The elution of Fe²⁺ is believed to occur via a photoelectrochemical reduction activity through a complex charge transfer mechanism between the two major types of oxalates, that is, ferrous oxalate and ferric oxalate [47]. At 1.0 M extractant, the Fe²⁺ elution efficiency was around 30.4%. For comparison, a previous study conducted by Lee et al. [48] using hematite mineral as feedstock reported around 50% Fe²⁺ elution efficiency using 0.38 M oxalic acid at 100 °C and less than 10% Fe²⁺ elution efficiency at ambient temperature using 0.19 M of oxalic acid. This indicates that a higher concentration of oxalic solution is preferable for more effective Fe²⁺ elution. Moreover, a study by Reynes et al. [41] used ammonium bisulfate as an extraction agent to extract Fe²⁺ from iron silicate mining waste (mainly Fe-rich olivine) and reported around 30–38% of Fe²⁺ extraction efficiency using 1.5 M ammonium bisulfate solution at 61 °C in 2 h. Therefore, it can be seen that the use of oxalic acid has demonstrated a comparable result in this study within a short time. The overall results using oxalic acid suggested that the Mg²⁺ elution efficiency (54%) was better than Fe²⁺ (30.4%) because of weaker covalent bonds of Mg, and results suggested that lower or medium concentrations are more favorable for Mg²⁺ elution. Moreover, the higher elution efficiency of Fe²⁺ and Mg²⁺ and a lower efficiency of Ca²⁺ using oxalic acid as an extraction agent in this study exhibited similar trends as Sun et al. reported [49].

3.2.2. Hydrochloric Acid

Figure 4 depicts the elution results using HCl as an extraction agent at the two most efficient results, and the remaining concentration data are included in Supplementary Material (Figure S2). The maximum Fe²⁺ elution efficiency with HCl was about 2.7% using 1.5 M solution at 50 min, followed by 1.6% using 1.0 M, which is considered quite low. This indicates that the HCl solution significantly restrained the leaching of Fe²⁺ and another possible cause was that the Fe²⁺ ions precipitated with other ions during leaching [50]. The Mg²⁺ elution results also showed a similar trend as for Fe²⁺ elution efficiency, where maximum Mg²⁺ elution efficiency was about 9% using 1.5 M solution at 50 min, followed by 6.8% using 1.0 M at 100 min.
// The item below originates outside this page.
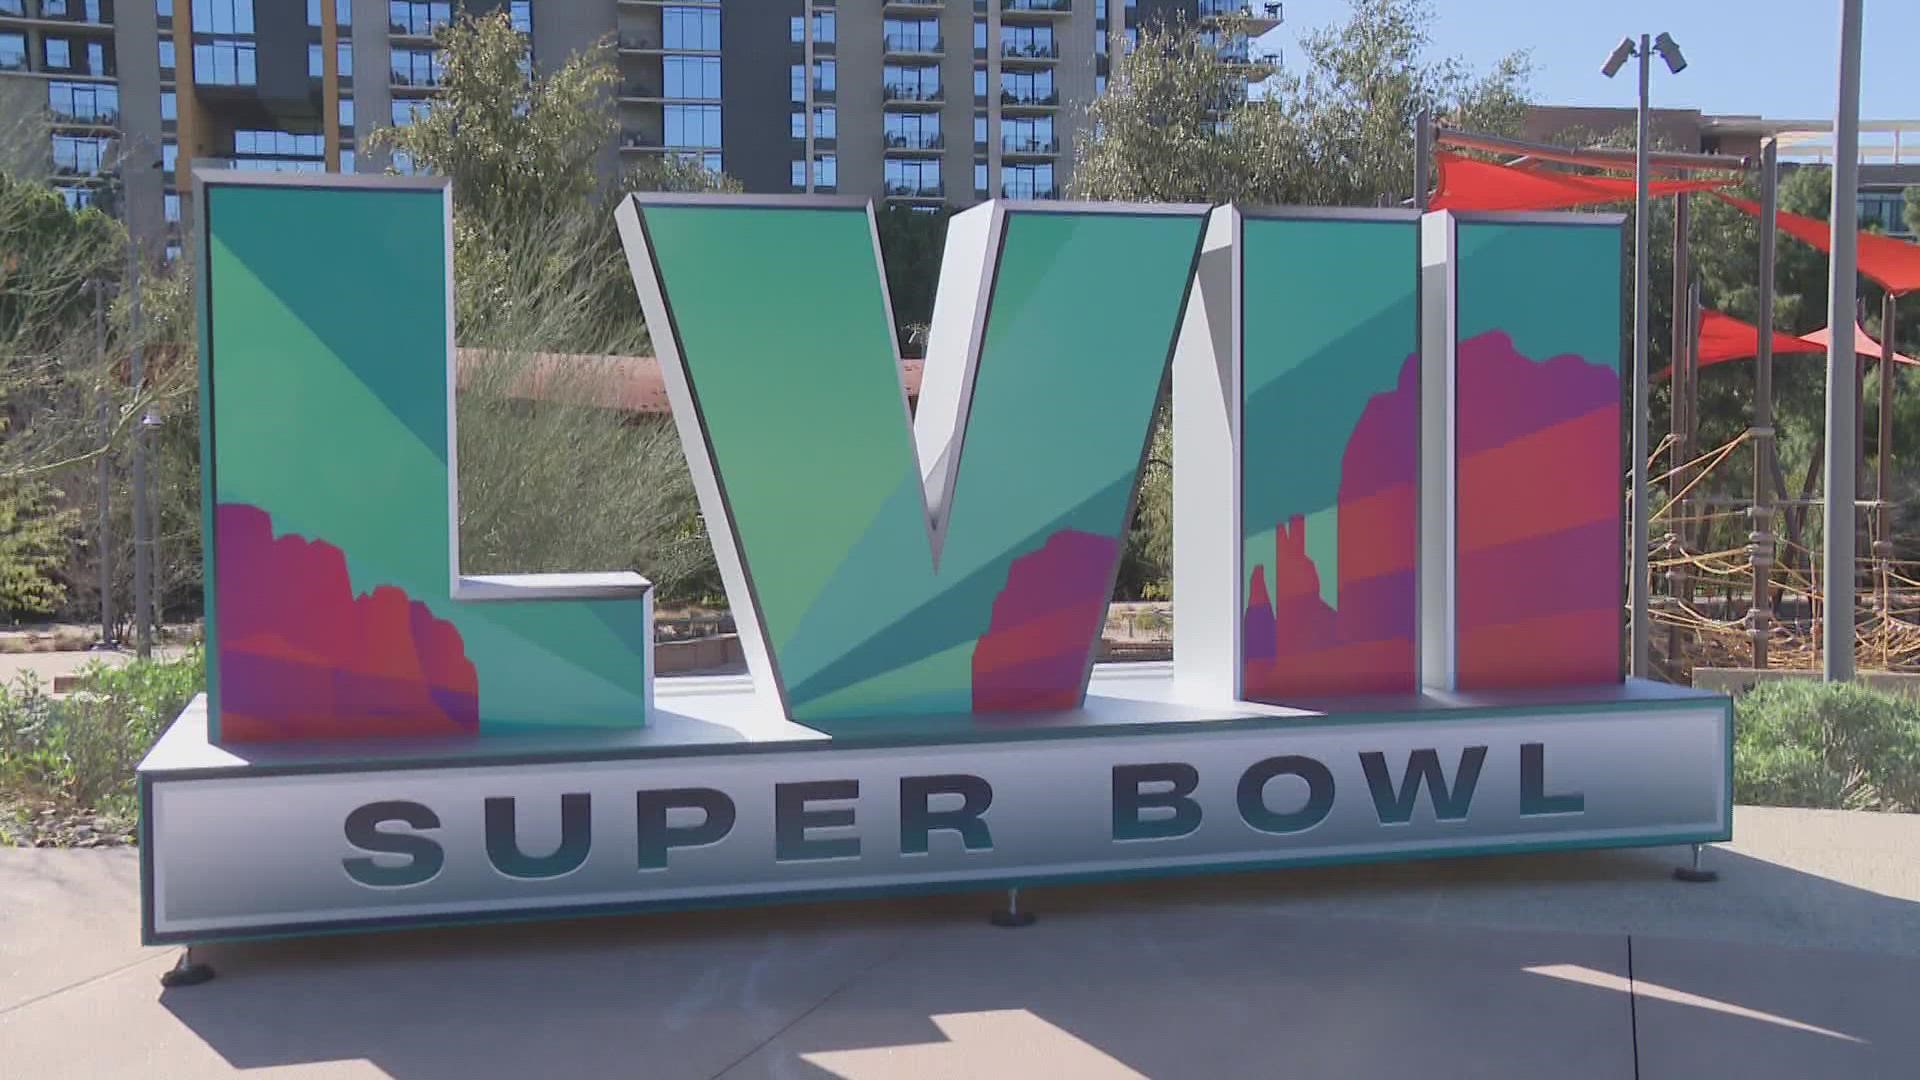 In a matter of days, the park will be home to the multi-day Super Bowl Experience presented by Lowes.

In comparison, a study by Matus et al. [51] observed nearly the same trend of elution efficiency for the Mg elution using HCl, where they employed a 50 °C temperature with 1.0 M HCl solution. In contrast, the Ca²⁺ elution demonstrated promising results as it can extract up to 98% at 50 min using 1.5 M HCl solution. Using HCl for the elution of Ca²⁺ shows that a higher concentration leads to a higher extraction efficiency in less than 1 h, such results are parallel to the study by Kim et al. [52], where they reported nearly 100% Ca²⁺ elution efficiency using higher concentrations of HCl solutions.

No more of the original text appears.